We focus on investing in lower middle market private businesses (which we generally define as
companies with annual earnings before interest, taxes, depreciation and amortization (EBITDA) of $3 million to $20 million) (Lower Middle Market) in the U.S. that meet certain criteria, including: the sustainability of
the business free cash flow and its ability to grow it over time, adequate assets for loan collateral, experienced management teams with a significant ownership interest in the portfolio company, reasonable capitalization of the portfolio
company, including an ample equity contribution or cushion based on prevailing enterprise valuation multiples, and the potential to realize appreciation and gain liquidity in our equity position, if any. We anticipate that liquidity in our equity
position will be achieved through a merger or acquisition of the portfolio company, a public offering of the portfolio companys stock, or, to a lesser extent, by exercising our right to require the portfolio company to repurchase our warrants,
though there can be no assurance that we will always have these rights. We invest in portfolio companies that need funds for growth capital, to finance acquisitions, including management buyouts, recapitalize or, to a lesser extent, refinance their
existing debt facilities. We seek to avoid investing in high-risk, early-stage enterprises.

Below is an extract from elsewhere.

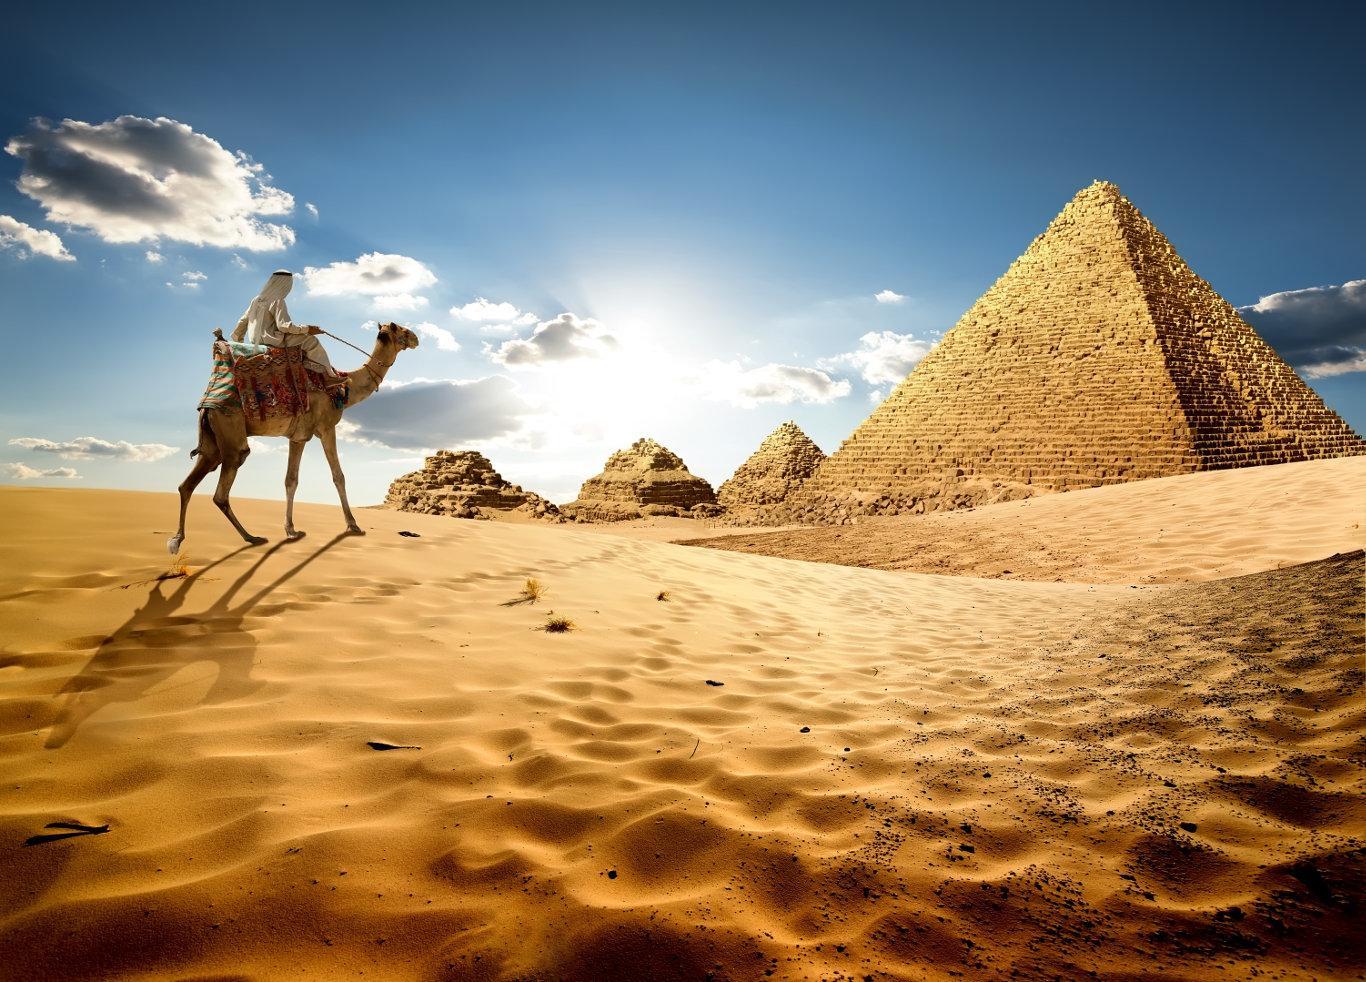 http://admin.playayciudad.com/assets/galeria/EGIPTO_BASICO_ABUSIMBEL_CAMELLO.jpg
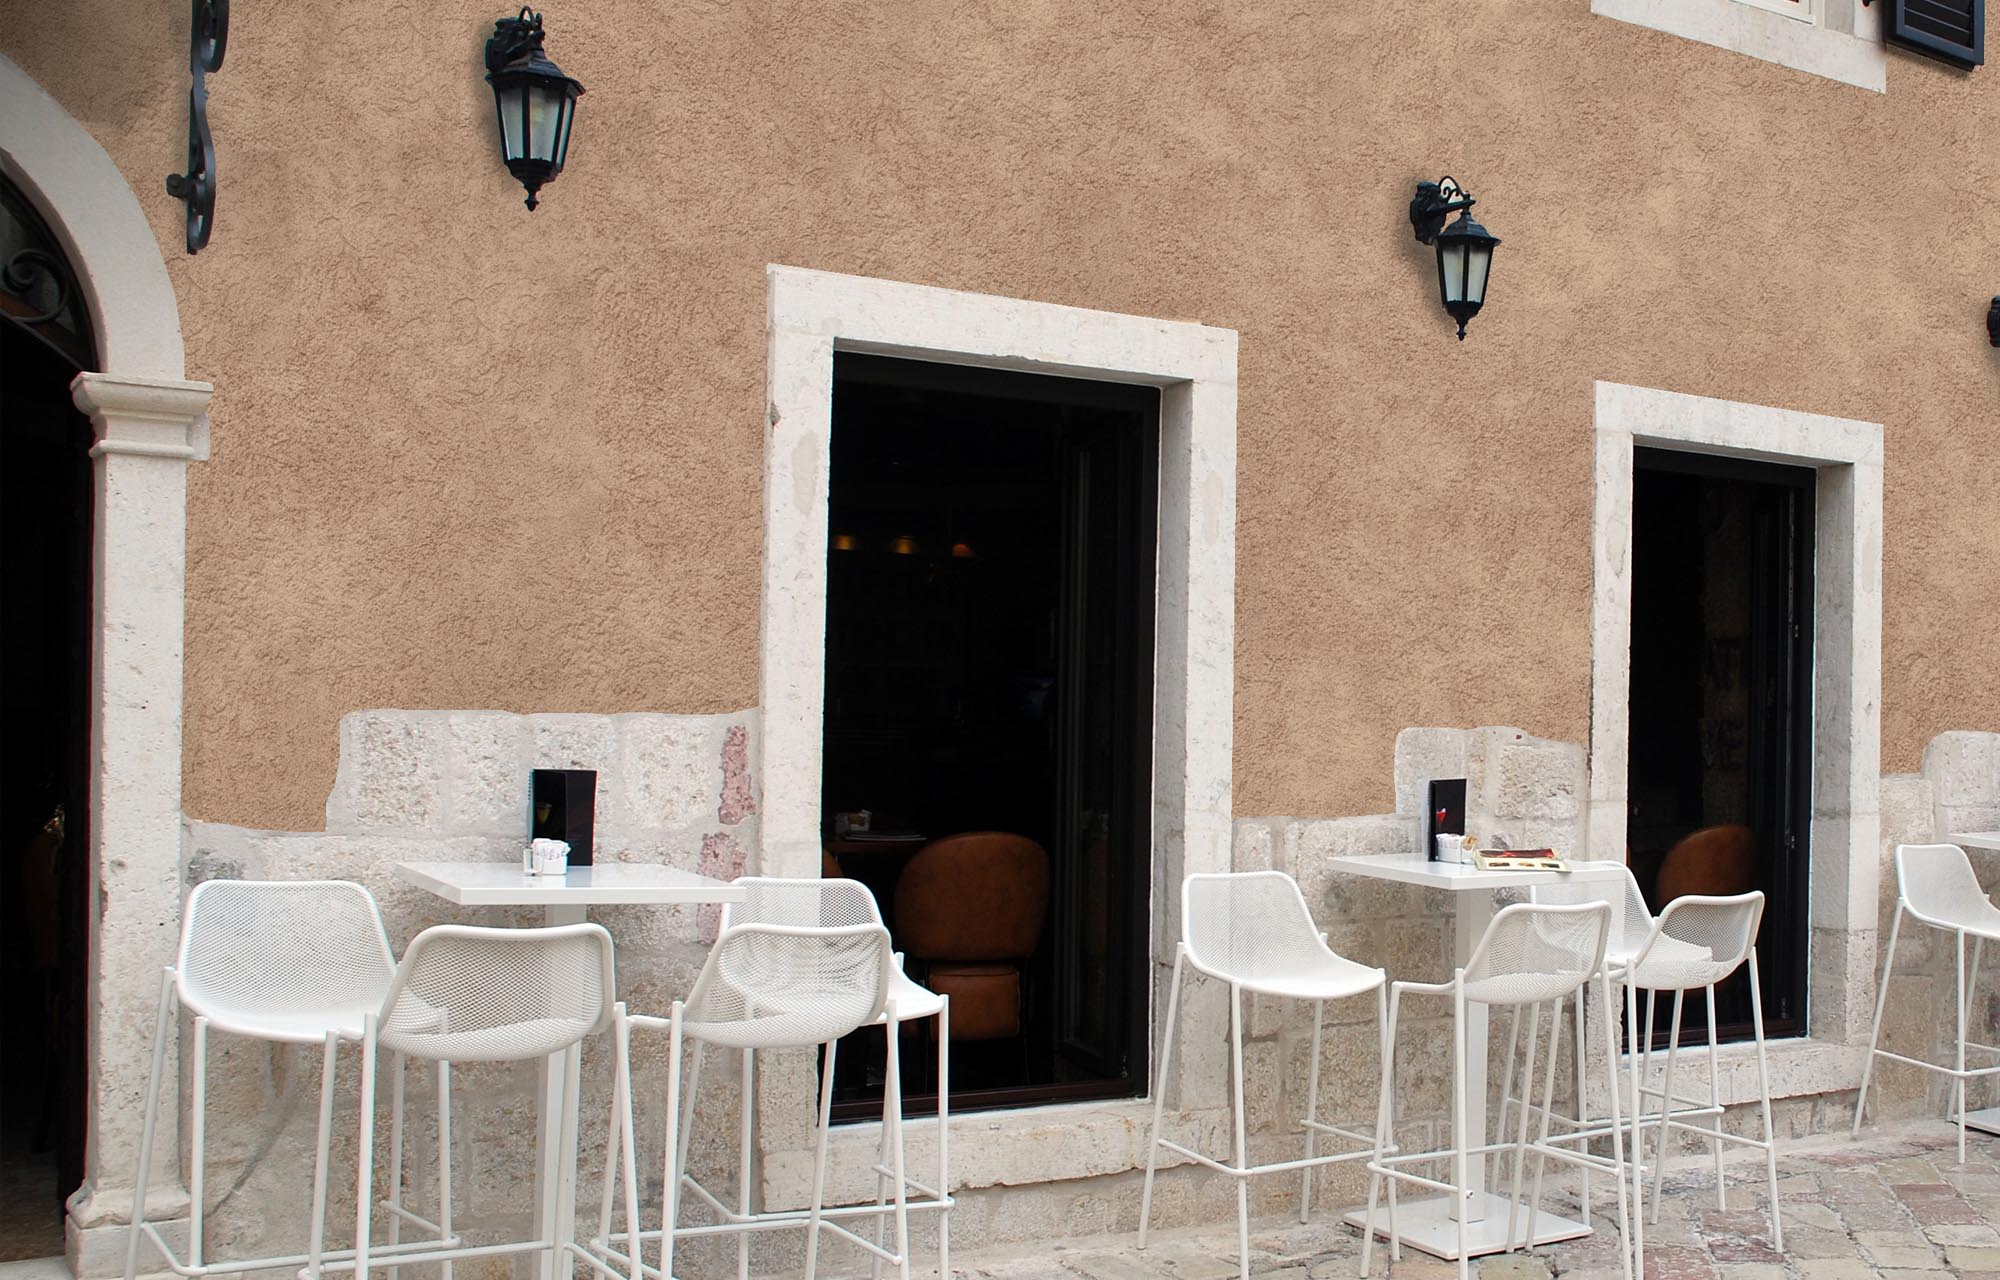 Cucina rustica cucina in stile in stile rustico di salm caminetti come ottenere un muro interno - Pitture per cucine rustiche ...

We invest by ourselves or jointly with other funds and/or
management of the portfolio company, depending on the opportunity. In July 2012, the SEC granted us an exemptive order (the Co-Investment Order) that expanded our ability to co-invest, under certain circumstances, with certain of our affiliates, including Gladstone Capital Corporation (Gladstone Capital) and any future BDC or
closed-end management investment company that is advised (or sub-advised if it controls the fund) by the Adviser, or any combination of the foregoing, subject to the
conditions in the Co-Investment Order. Since 2012, we have opportunistically made several co-investments with Gladstone Capital pursuant to the Co-Investment Order. We believe the Co-Investment Order has enhanced and will continue to enhance our ability to further our investment objectives and strategies. If we are
participating in an investment with one or more co-investors, whether or not an affiliate of ours, our investment is likely to be smaller than if we were investing alone.
Our shares of common stock, our 5.00% Notes due 2026 (2026 Notes), and our 4.875% Notes due 2028 (2028 Notes) are traded on the Nasdaq
Global Select Market (Nasdaq) under the trading symbols GAIN, GAINN, and GAINZ, respectively.
Business
Portfolio Activity
While the business environment remains competitive, we continue to see new investment opportunities consistent with our investment strategy of providing a
combination of debt and equity in support of management and independent sponsor-led buyouts of Lower Middle Market companies in the U.S. During the six months ended September 30, 2021, we invested in two
new portfolio companies, exited one portfolio company, merged two existing portfolio companies into a new portfolio company, and dissolved one portfolio company. From our initial public offering in June 2005 through September 30, 2021, we
invested in 55 companies, excluding investments in syndicated loans, for a total of approximately $1.4 billion, before giving effect to principal repayments and divestitures.